# Missy got her CGC tonight,she's my little Golden Mix Rescue



## Radarsdad (Apr 18, 2011)

Missy got her CGC tonight,pretty much aced it. Got swarmed by instructors wanting her to go advanced,rally, and OB competition. She is an awesome little dog. She got a name to register also: Ferngully's Little Miss Thang


----------



## Oaklys Dad (Dec 28, 2005)

Way to go Missy! Make your daddy proud.


----------



## AmberSunrise (Apr 1, 2009)

Yay Missy!!
Congratulations


----------



## Dexell1827 (Feb 23, 2011)

Congrats, Missy!!


----------



## Paige&Lily (Nov 4, 2010)

Congratulations and hurray for rescuing her!


----------



## C's Mom (Dec 7, 2009)

WTG Missy!!!!!!


----------



## hotel4dogs (Sep 29, 2008)

great job! she's just adorable!


----------



## LibertyME (Jan 6, 2007)

Congrats! Well Done Missy!


----------



## The_Artful_Dodger (Mar 26, 2009)

Way to go! Congratulations!!


----------



## Titan1 (Jan 19, 2010)

Congrats to you both!


----------



## Mssjnnfer (Aug 9, 2009)

Yay Missy!
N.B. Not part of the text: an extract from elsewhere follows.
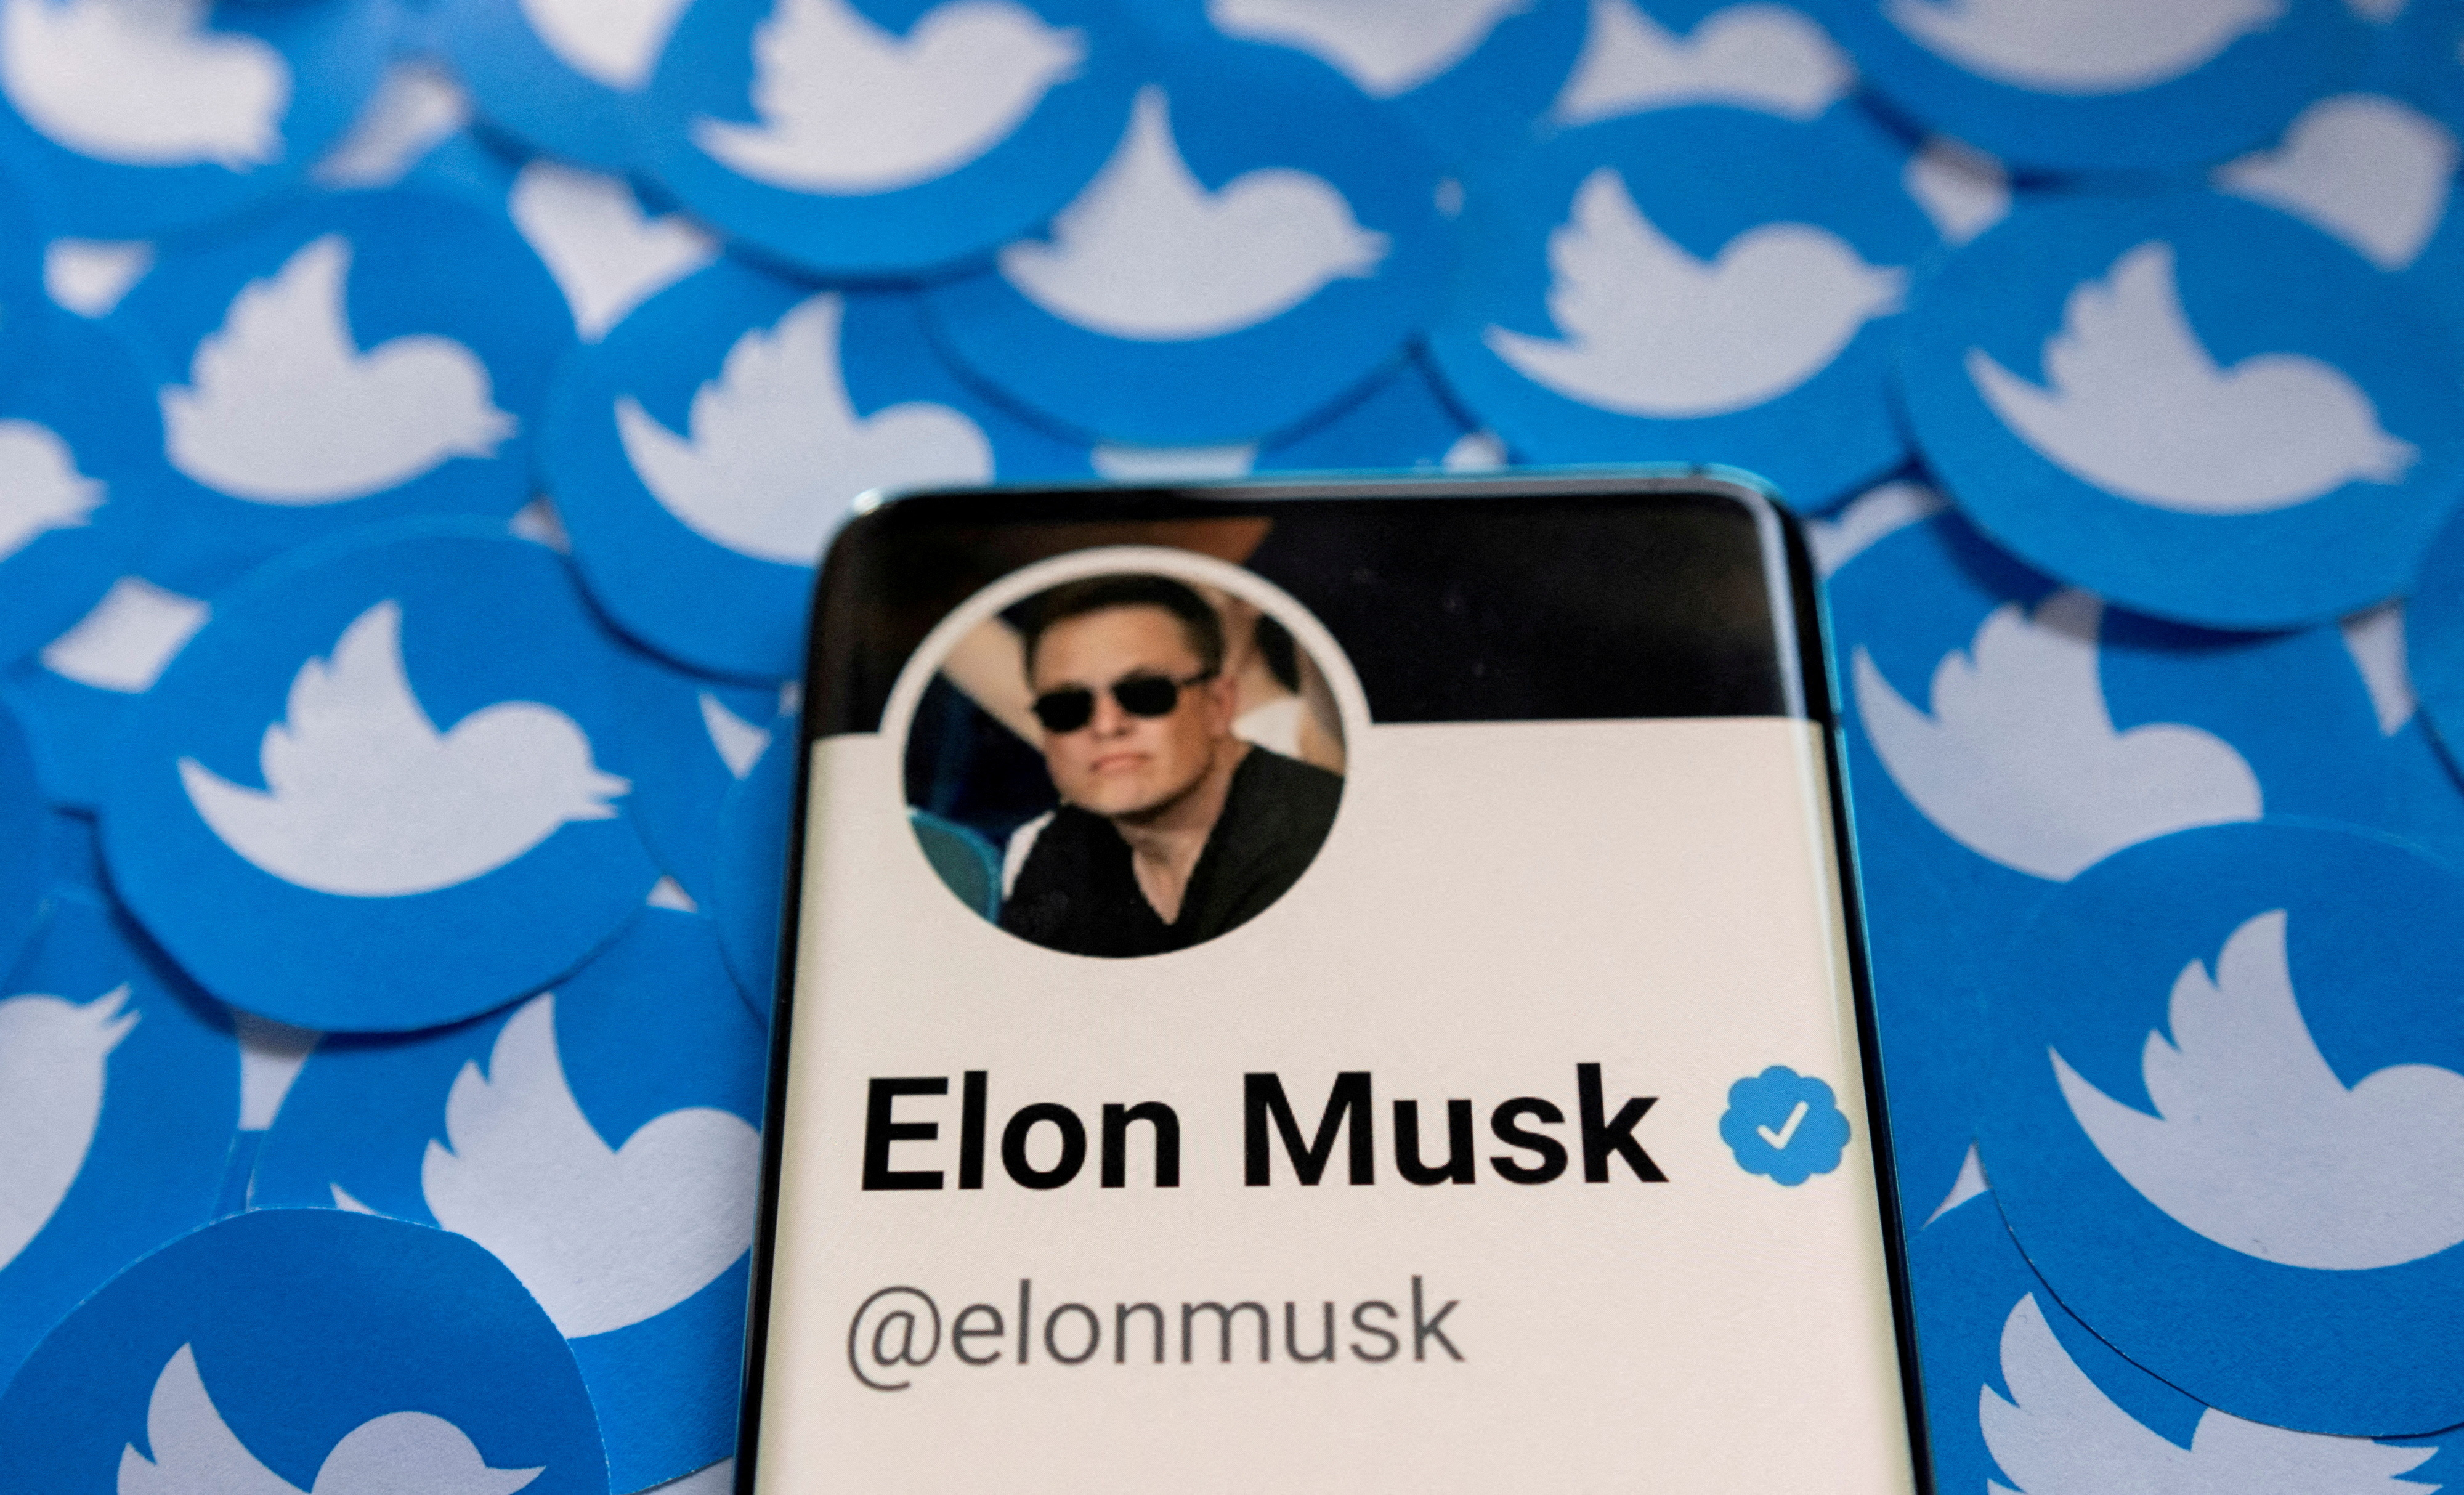 FILE PHOTO: Il profilo Twitter di Elon Musk appare su uno smartphone posizionato sui loghi Twitter stampati in questa illustrazione fotografica il 28 aprile 2022. REUTERS/Dado Ruvic/Illustration/File Photo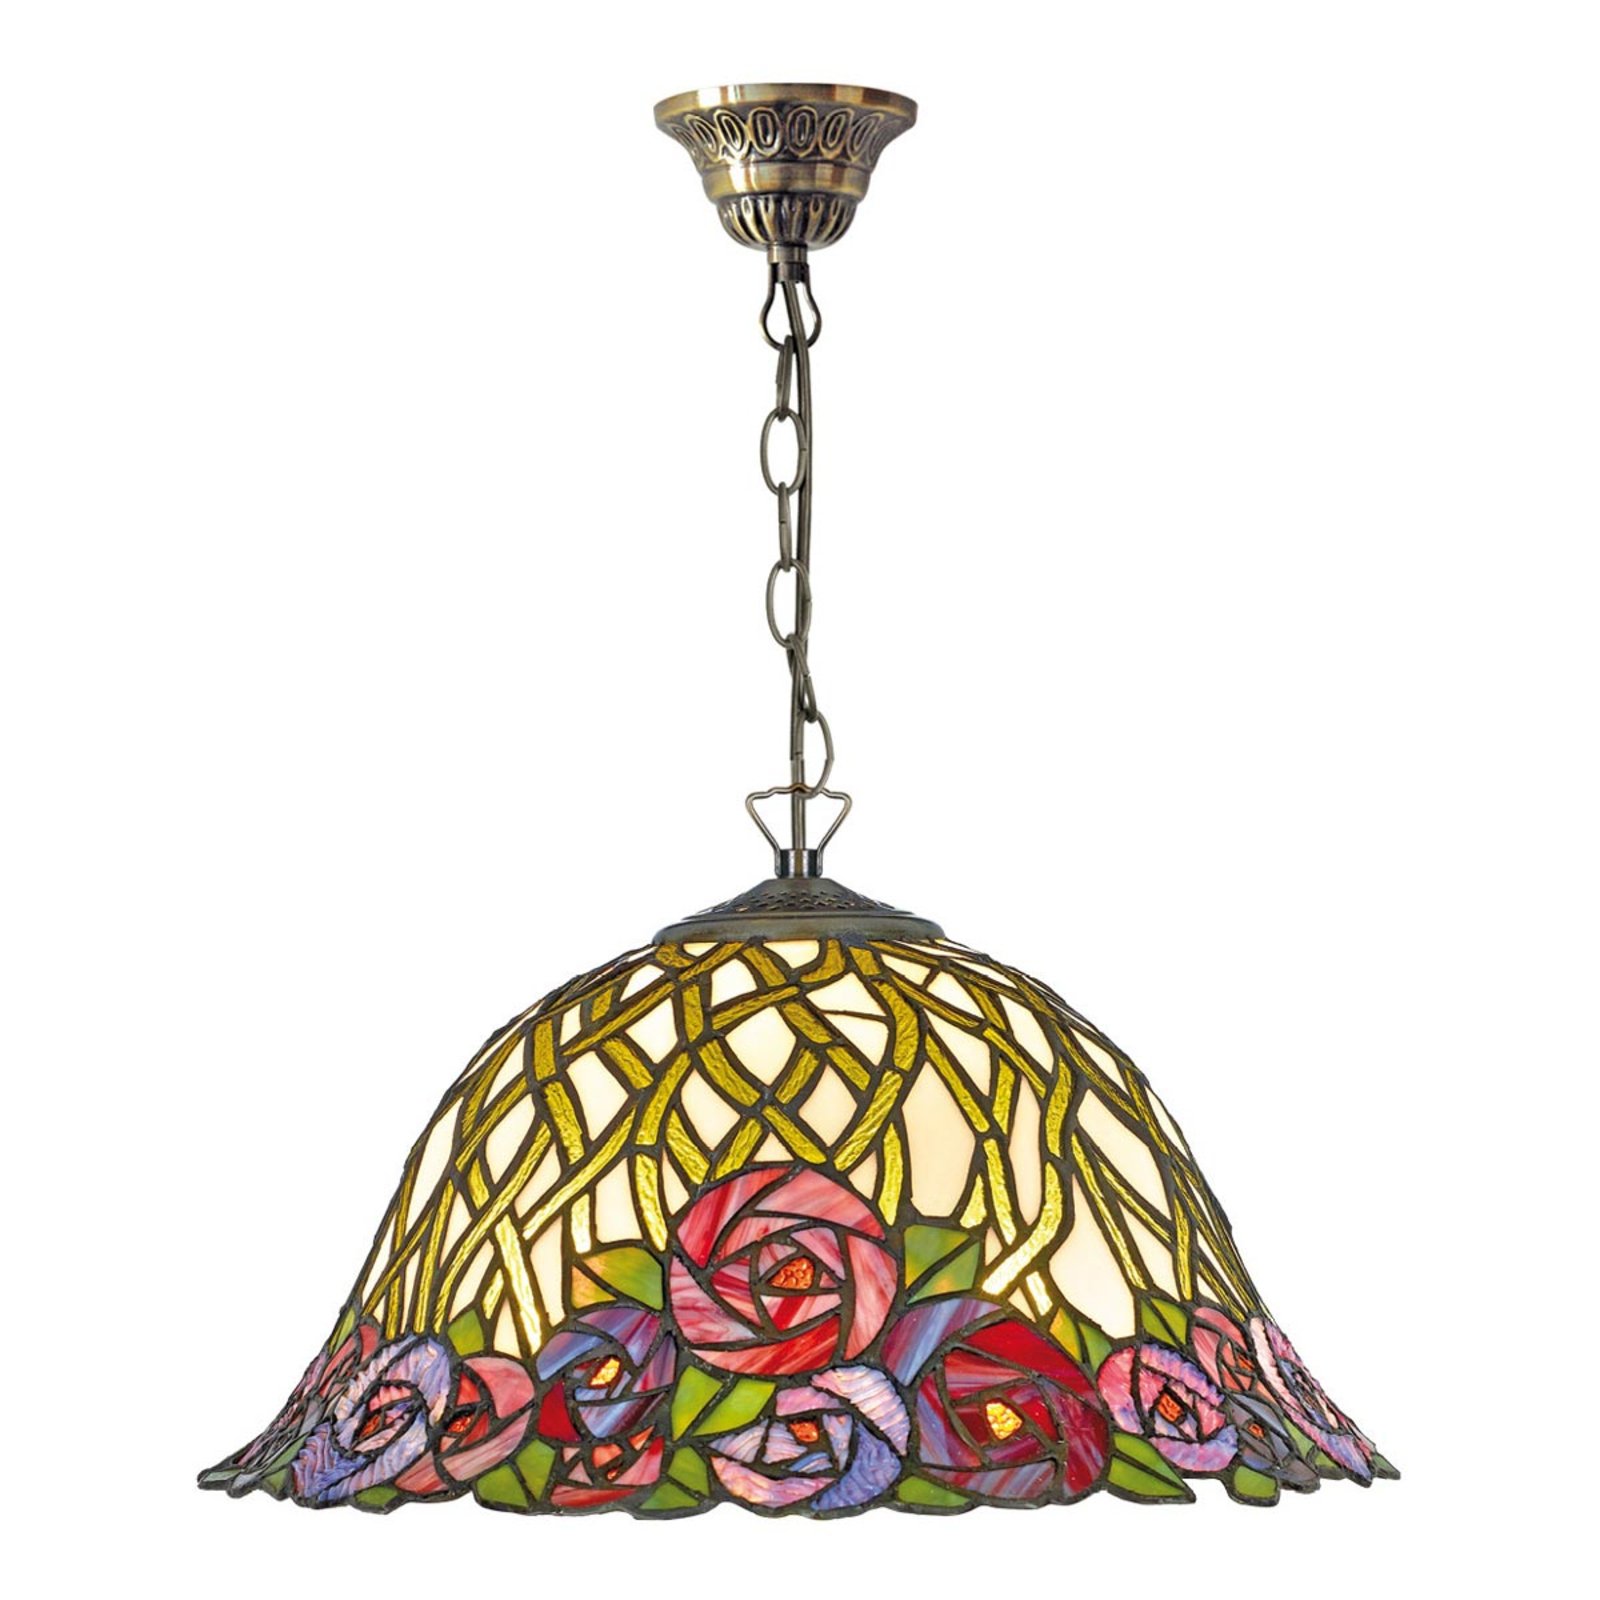 Hanglamp Melika in prachtig Tiffany design

LOOOOVE the name! (I have a Missy too!!)


----------



## GinnyinPA (Oct 31, 2010)

Congratulations! It's an achievement for both of you.


----------



## Kmullen (Feb 17, 2010)

Yay!! Congrats and she is a cute!


----------



## inge (Sep 20, 2009)

Congratulations!


----------